Go beyond your personal story/beliefs and connect deeply with the loving presence of this moment. It’s the treasure that’s always here.
Samuel says
Yes, I’m replying to myself. I want to amend my comment above a bit. Years ago I realized that accepting my thoughts and emotions, or in the case of this post my beliefs, and looking “at them rather than through them” resonated with me and that this approach would be helpful. I do it in fits and starts, but then I get stuck in my thoughts and I kind of purge myself, as in the comment above. So……
It is so difficult to not see the world through my thoughts. Thoughts that are full of judgment and interpretation and which seem to occur almost automatically in a well worn event>>emotion>>thought>>emotion>>thought>> pattern that sucks me in. Then I think about and judge and interpret that process and, well, I get overwhelmed.
Under all of that I so very much want to think my way out of this. I want to think of myself and the world in such a way that I can reliably avoid being hurt or disappointed or angered or envious. I want to think my way into a sort of immunity to those emotions, rather than living-feeling-observing-living, and so on.
I’ve been reading this blog a lot the past 24 hours, focusing on the posts about acceptance and observing emotions and thoughts without judgment or interpretation.
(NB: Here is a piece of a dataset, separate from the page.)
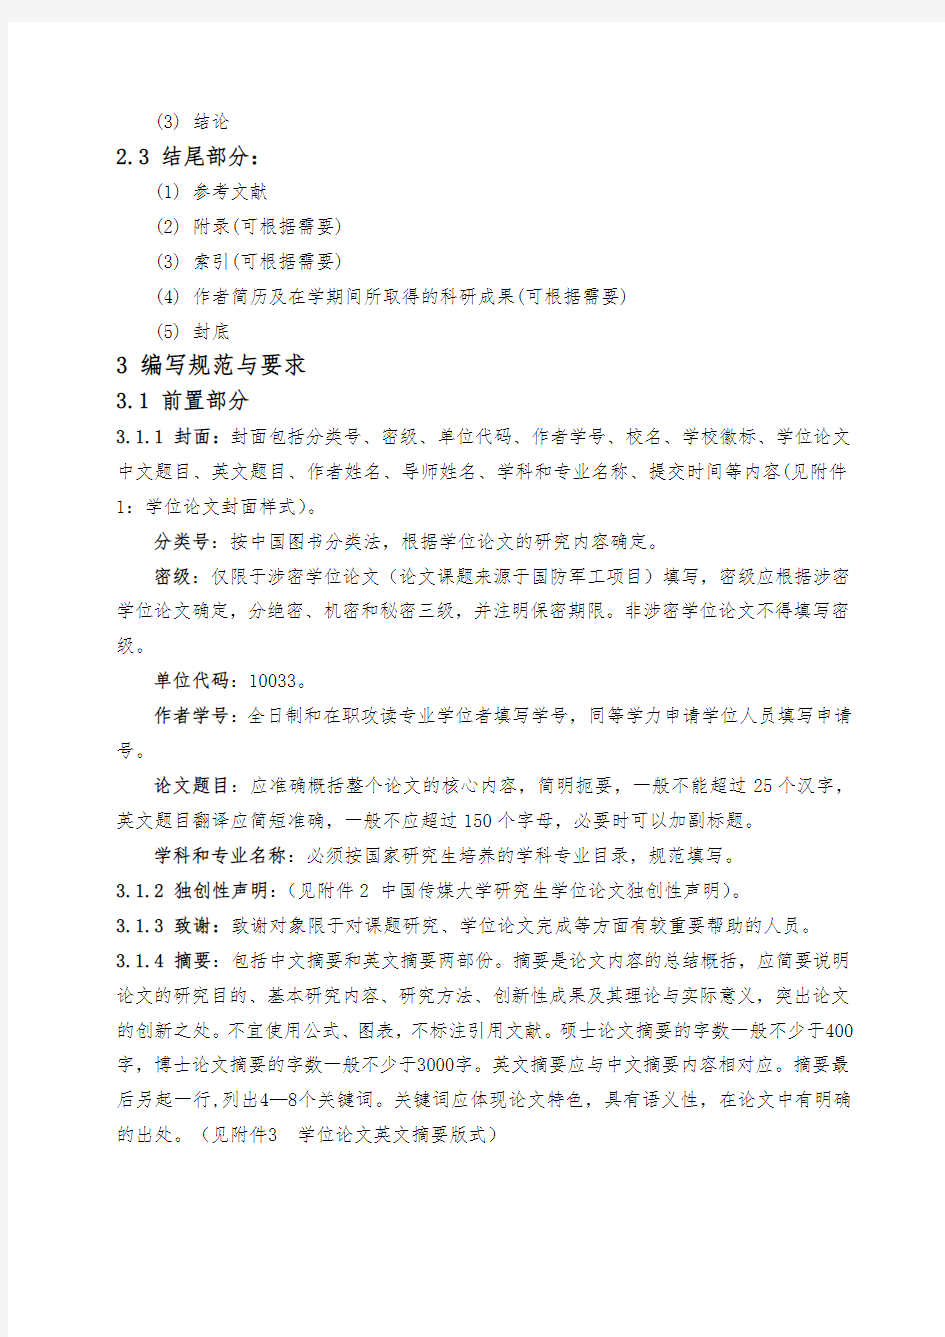 中国传媒大学研究生学位论文编写规则-中国传媒大学研究生院

There’s such a consistent message here, Gail, and you’ve worn me down 🙂 A lot of this is stuff I know but resist, but I just now saw how for me emotion means all the crap that has always followed it; the thinking and ruminating and judging and interpreting that are the real cause of messy pain and serve as anchors that hold me back and make me reluctant to risk experiencing all that again. I mean if that was the way it had to be, who would volunteer for that?
But in in reality emotions are just sensations that signal something to us, often by amplifying what we already know. When I let myself experience them, rather than fight them or plot against them, the pain they cause is pretty endurable.
There are a lot of gems here, Gail. Many are similar ideas but packaged just a bit differently and with an added tidbit or two, and when several are read, they really do chip away at a person’s resistance. And when I say they’re similar, that’s not a criticism. How many stories are there, really? You tell a few in a variety of ways that keeps them fresh and creates a kind of unity of idea and experience that’s impressive. I’m really trying to surrender to it. Thank you.